Spirited_Example_341@reddit
for me on backyard ai it seems for a 1080 gtx ti that model is too large to run smoothy tho. nemo 12b i mean.
for now i find llama 3 8b works fine its a good balance between usefulness and size doenst really seem that "dumb" to me and produces pretty nice content.
ArsNeph@reddit
Try using a smaller quant, 1080Ti has 11GB VRAM, not 12
bearbarebere@reddit
Hijacking this to add that my list still holds up: https://www.reddit.com/r/LocalLLaMA/s/wWqoKbZGw3
lacerating_aura@reddit
Recently tried ministral 8b. It was good. I didn't expect that from an 8b. I got q8 quant cause it allows for about 90% offload in kcpp. Haven't played with lower quants.
TheRealGentlefox@reddit
I can't find EXL2 quants for it. Isn't that much superior when you know it's going to fit in VRAM anyway?
gfy_expert@reddit (OP)
can you post a download link pls?
lacerating_aura@reddit
Choose quant for yourself.
https://huggingface.co/bartowski/Ministral-8B-Instruct-2410-GGUF
BokuNoToga@reddit
Thank you kind stranger
gfy_expert@reddit (OP)
thanks! after consulting chat gpt trying my luck with Ministral-8B-Instruct-2410-Q6_K_L.gguf
mayo551@reddit
Cydonia.
Llamacpp, you can fit (almost) every layer in 11GB vram for the q2 gguf with ~20k context if you quant the context.
chloralhydrat@reddit
... I used his rocinante (12B) model so far. With q4 quant. I never run a model with q2 quantization. I wonder how such coarse quantization with more parameters compares to more finely-quantized less parametrized model? Does somebody have an experience with this (ie. 12Bq4 vs. 22Bq2)?
mayo551@reddit
You can do a Q3 cydonia on a 2080ti with 51 layers out of 57 on the GPU at 10k q8 context. You could shed a layer or two and add more context or you could use q4 context @ 24k-30k probably.

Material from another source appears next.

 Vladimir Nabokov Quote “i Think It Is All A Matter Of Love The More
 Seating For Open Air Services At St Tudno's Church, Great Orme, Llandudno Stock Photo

With 51 layers out of 57 on the GPU it processes 7k context in about 1 minute and finishes the response in 1.5.
chloralhydrat@reddit
I'm not asking about the speed, but rather about the quality of the output.
petrus4@reddit
a} Your current video card is the same as my current one, but I would also recommend 64 Gb of system RAM.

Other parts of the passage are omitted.